Finally, we will now fit the data to our entire labelled dataset. Then we use use it to predict the unlabeled test data. 

In [219]:
rf.fit(df_X, df_y) 
ridge.fit(df_X,df_y)
xgb.fit(df_X,df_y)
linear.fit(df_X,df_y)
lasso.fit(df_X,df_y)
lgb.fit(df_X,df_y)

LGBMRegressor(boosting_type='gbdt', class_weight=None, colsample_bytree=1.0,
       importance_type='split', learning_rate=0.06, max_depth=-1,
       min_child_samples=20, min_child_weight=0.001, min_split_gain=0.0,
       n_estimators=550, n_jobs=-1, num_leaves=3, objective=None,
       random_state=None, reg_alpha=0.0, reg_lambda=0.0, silent=True,
       subsample=1.0, subsample_for_bin=200000, subsample_freq=0)

In [220]:
test_list = [train_pred_rf, train_pred_ridge, train_pred_linear, train_pred_xgb, train_pred_lgb, train_pred_lasso]
percentage_list = [.1, .1, .3, .3, .1, .1]
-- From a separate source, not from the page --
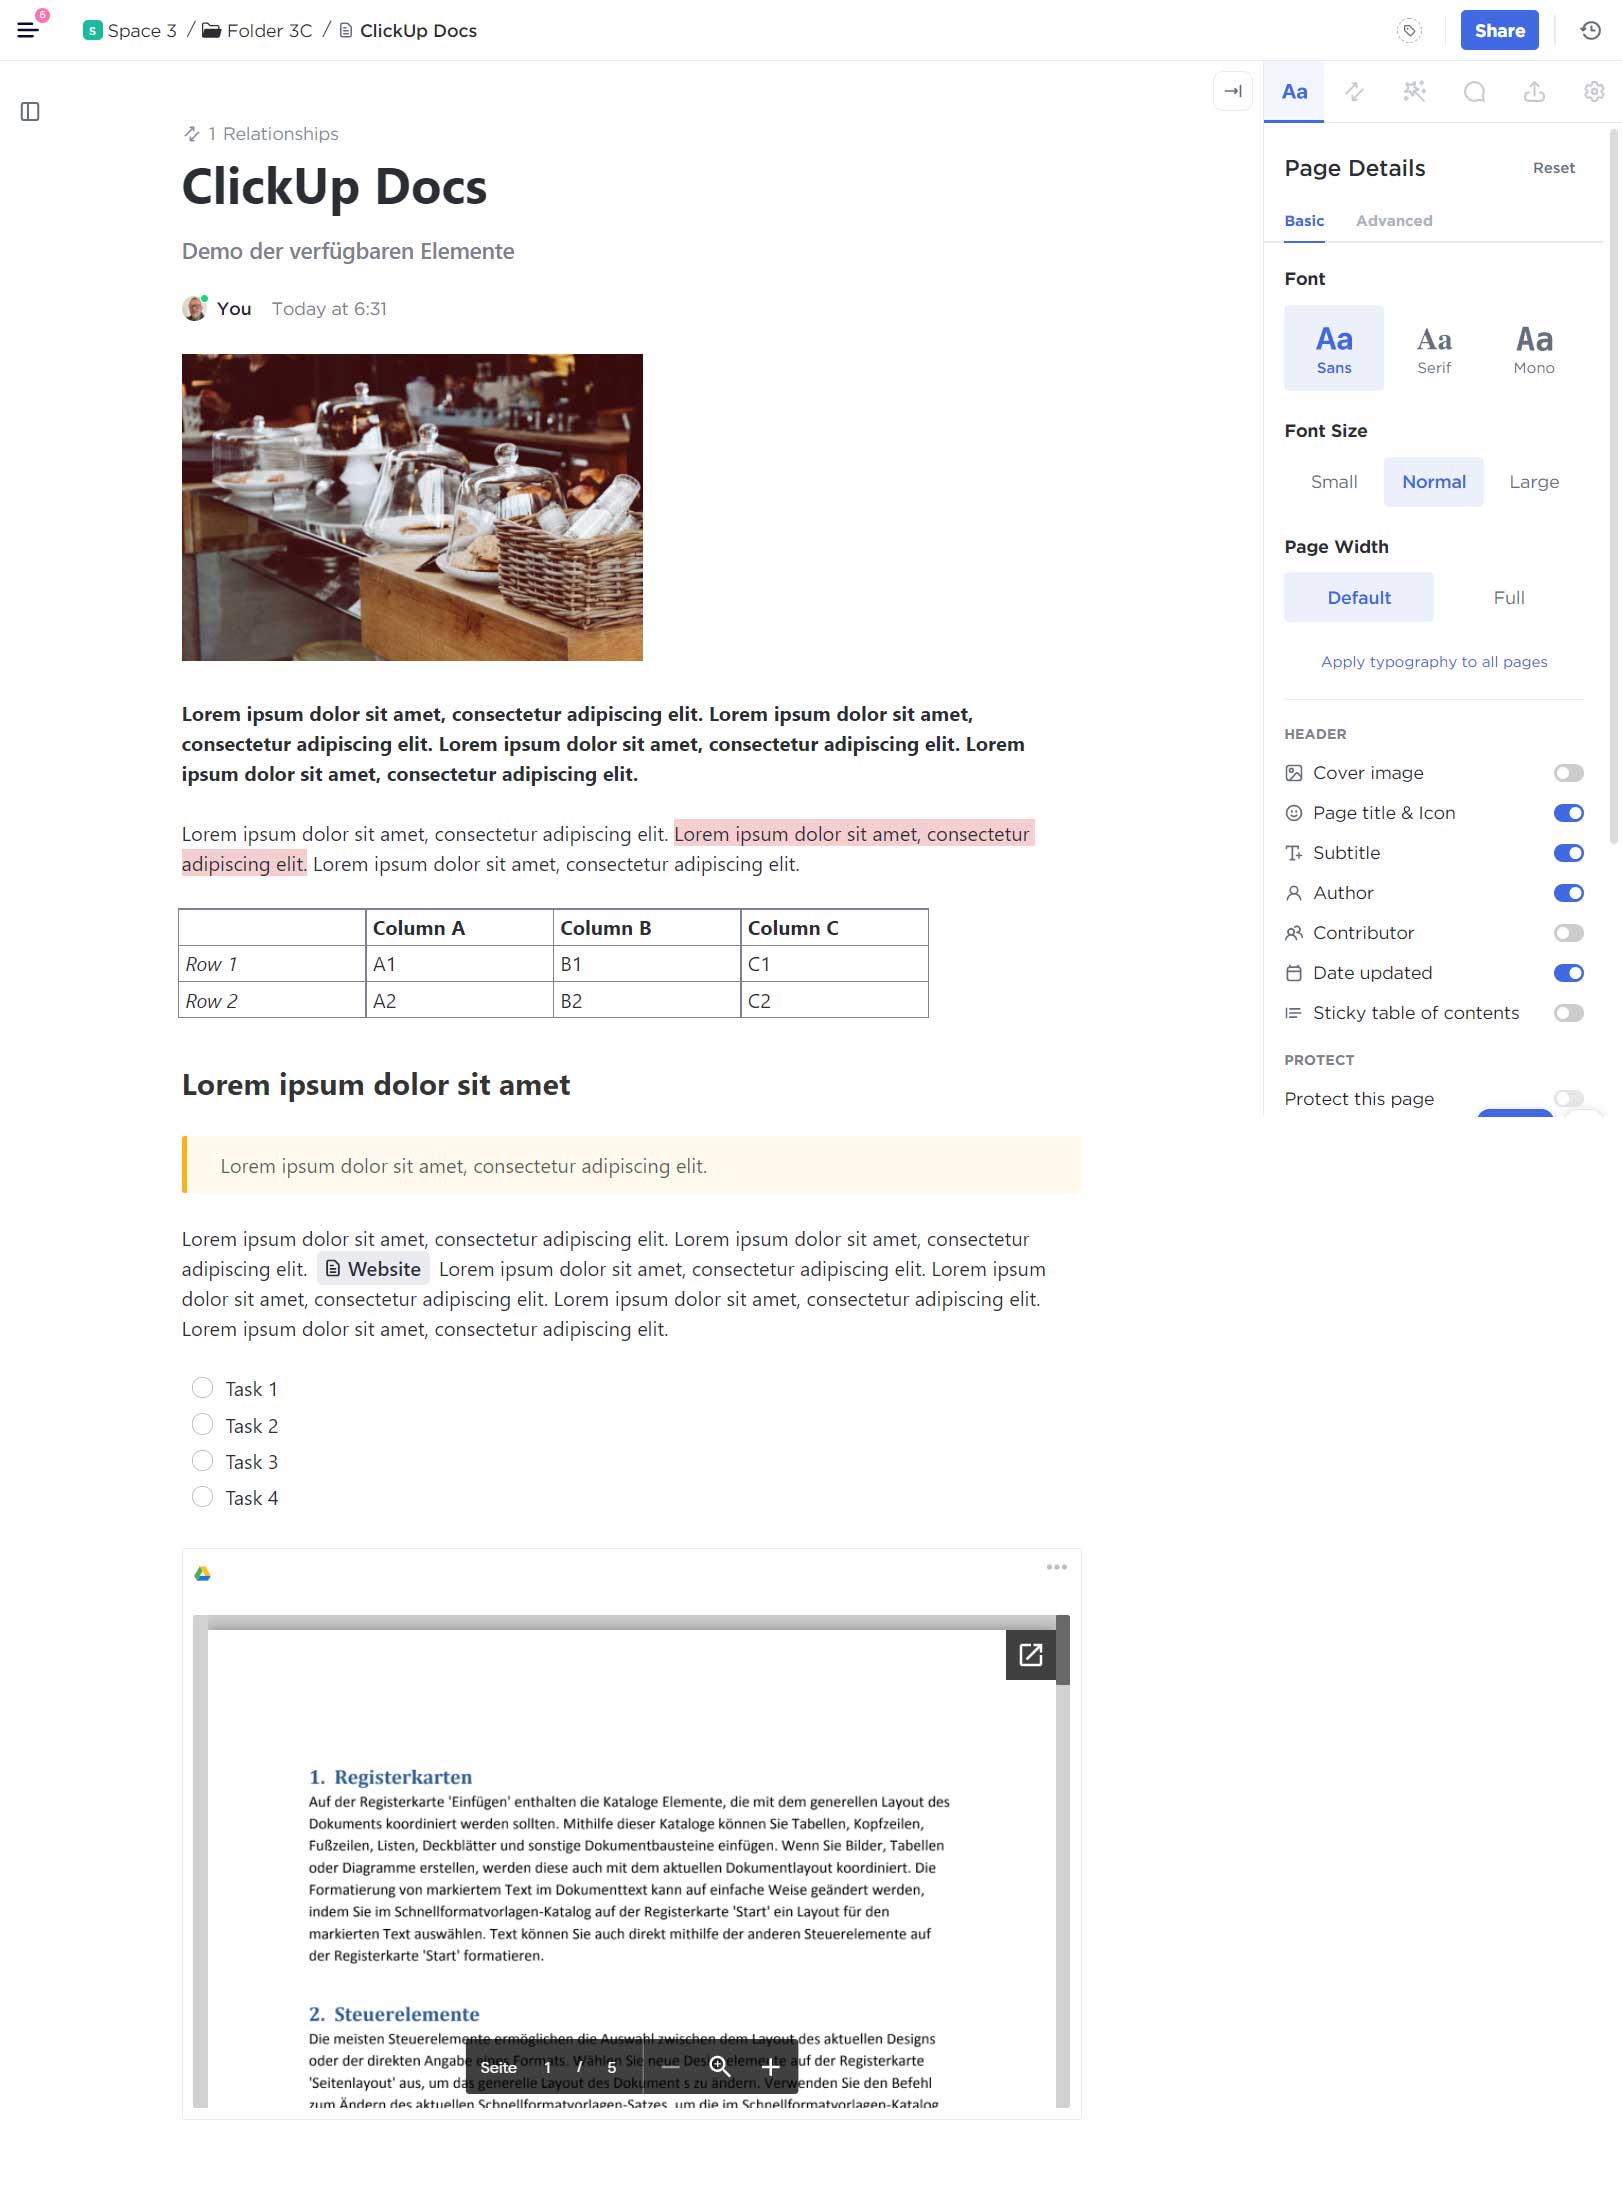 Beispielhaftes ClickUp Doc, das Inhaltselemente wie Bilder, Tabellen, Aufgabenlisten und eingebettete Dokumente zeigt

test_pred = (.1 * rf.predict(df_testing) + .1 * ridge.predict(df_testing) + .3 * linear.predict(df_testing) +
             .3 * xgb.predict(df_testing) + .1 * lgb.predict(df_testing) + .1 * lasso.predict(df_testing))

In [221]:
testing_y = np.expm1(test_pred)

In [222]:
output = pd.DataFrame(data =
                     {'Id' : df_testing.index.values, 'SalePrice': testing_y})

In [223]:
output.to_csv('output.csv',index=False)

Now all that is left to do is upload the results to the kaggle competition. 

Fin